Duggento Andrea, Valenza Gaetano, Passamonti Luca, Nigro Salvatore, Bianco Maria Giovanna, Guerrisi Maria, Barbieri Riccardo, Toschi Nicola
Department of Biomedicine and Prevention, University of Rome Tor Vergata, 00133 Rome, Italy.
Department of Information Engineering and Research Centre "E. Piaggio", University of Pisa, 56122 Pisa, Italy.
Entropy (Basel). 2019 Jun 26;21(7):629. doi: 10.3390/e21070629.
High-frequency neuroelectric signals like electroencephalography (EEG) or magnetoencephalography (MEG) provide a unique opportunity to infer causal relationships between local activity of brain areas. While causal inference is commonly performed through classical Granger causality (GC) based on multivariate autoregressive models, this method may encounter important limitations (e.g., data paucity) in the case of high dimensional data from densely connected systems like the brain. Additionally, physiological signals often present long-range dependencies which commonly require high autoregressive model orders/number of parameters. We present a generalization of autoregressive models for GC estimation based on Wiener-Volterra decompositions with Laguerre polynomials as basis functions. In this basis, the introduction of only one additional global parameter allows to capture arbitrary long dependencies without increasing model order, hence retaining model simplicity, linearity and ease of parameters estimation. We validate our method in synthetic data generated from families of complex, densely connected networks and demonstrate superior performance as compared to classical GC. Additionally, we apply our framework to studying the directed human brain connectome through MEG data from 89 subjects drawn from the Human Connectome Project (HCP) database, showing that it is able to reproduce current knowledge as well as to uncover previously unknown directed influences between cortical and limbic brain regions.

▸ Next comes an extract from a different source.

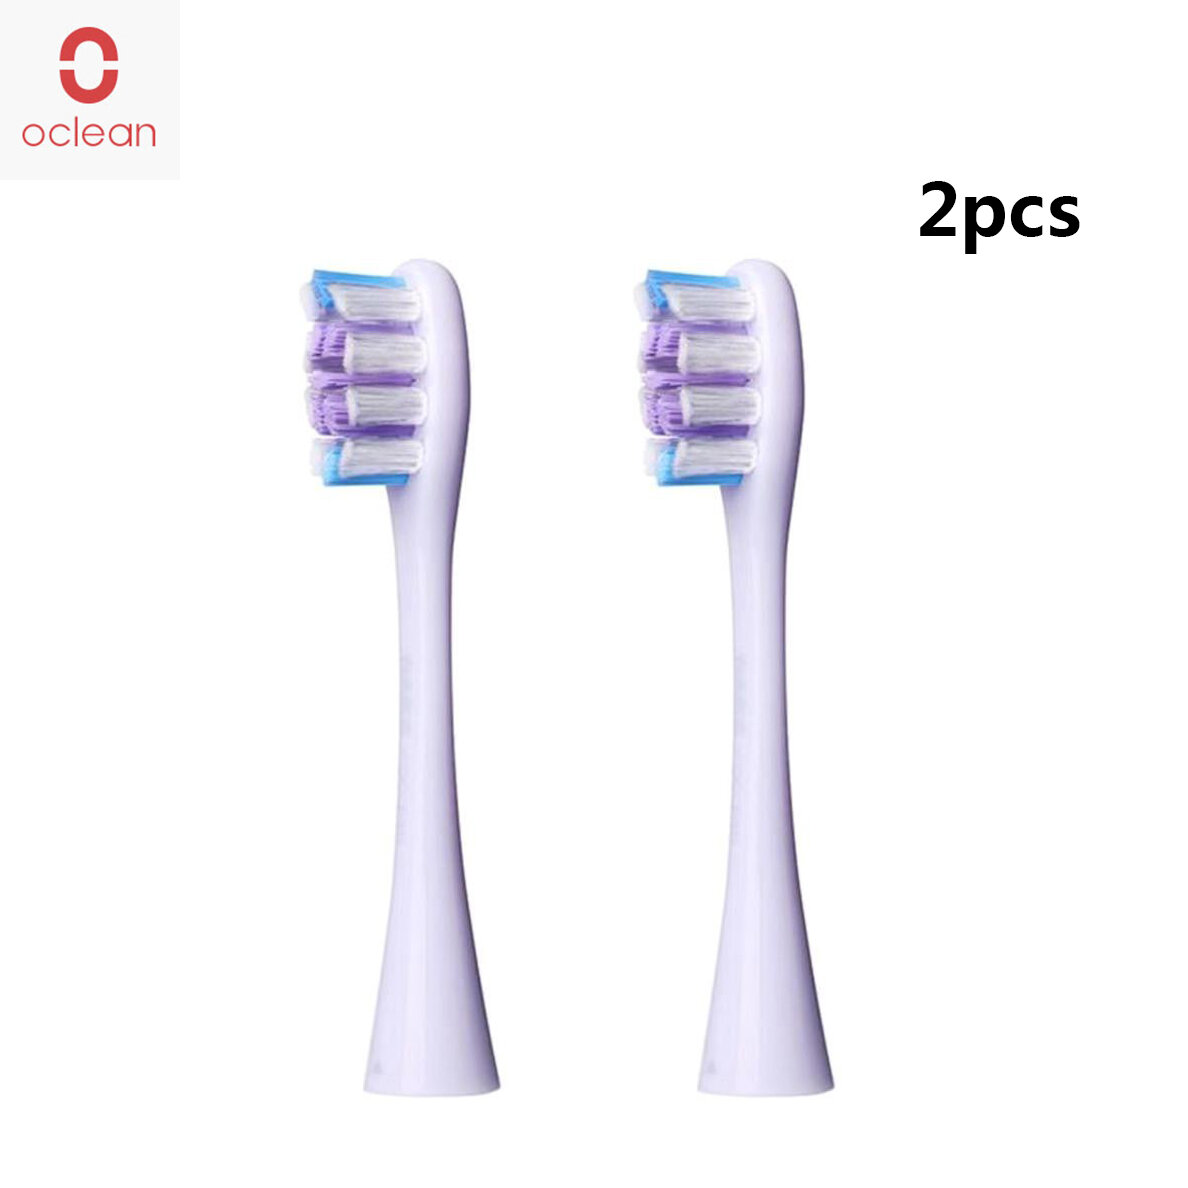 2PCS Oclean P2G Replacement Brush Heads Suitable for All Oclean Toothbrush Models - Light Purple

像脑电图(EEG)或脑磁图(MEG)这样的高频神经电信号为推断脑区局部活动之间的因果关系提供了独特的机会。虽然因果推断通常是通过基于多元自回归模型的经典格兰杰因果关系(GC)来进行的,但在处理来自像大脑这样高度连接系统的高维数据时,这种方法可能会遇到重要的局限性(例如,数据匮乏)。此外,生理信号通常呈现出长程依赖性,这通常需要高自回归模型阶数/参数数量。我们提出了一种基于以拉盖尔多项式为基函数的维纳 - 沃尔泰拉分解的用于GC估计的自回归模型的推广方法。在此基础上,仅引入一个额外的全局参数就能够捕获任意长的依赖性,而无需增加模型阶数,从而保持模型的简单性以及线性和参数估计的简便性。我们在由复杂、高度连接的网络族生成的合成数据中验证了我们的方法,并证明其与经典GC相比具有卓越的性能。此外,我们将我们的框架应用于通过来自人类连接体项目(HCP)数据库的89名受试者的MEG数据来研究人类大脑连接组的方向性,结果表明它能够重现当前的知识,同时揭示皮质和边缘脑区之间以前未知的方向性影响。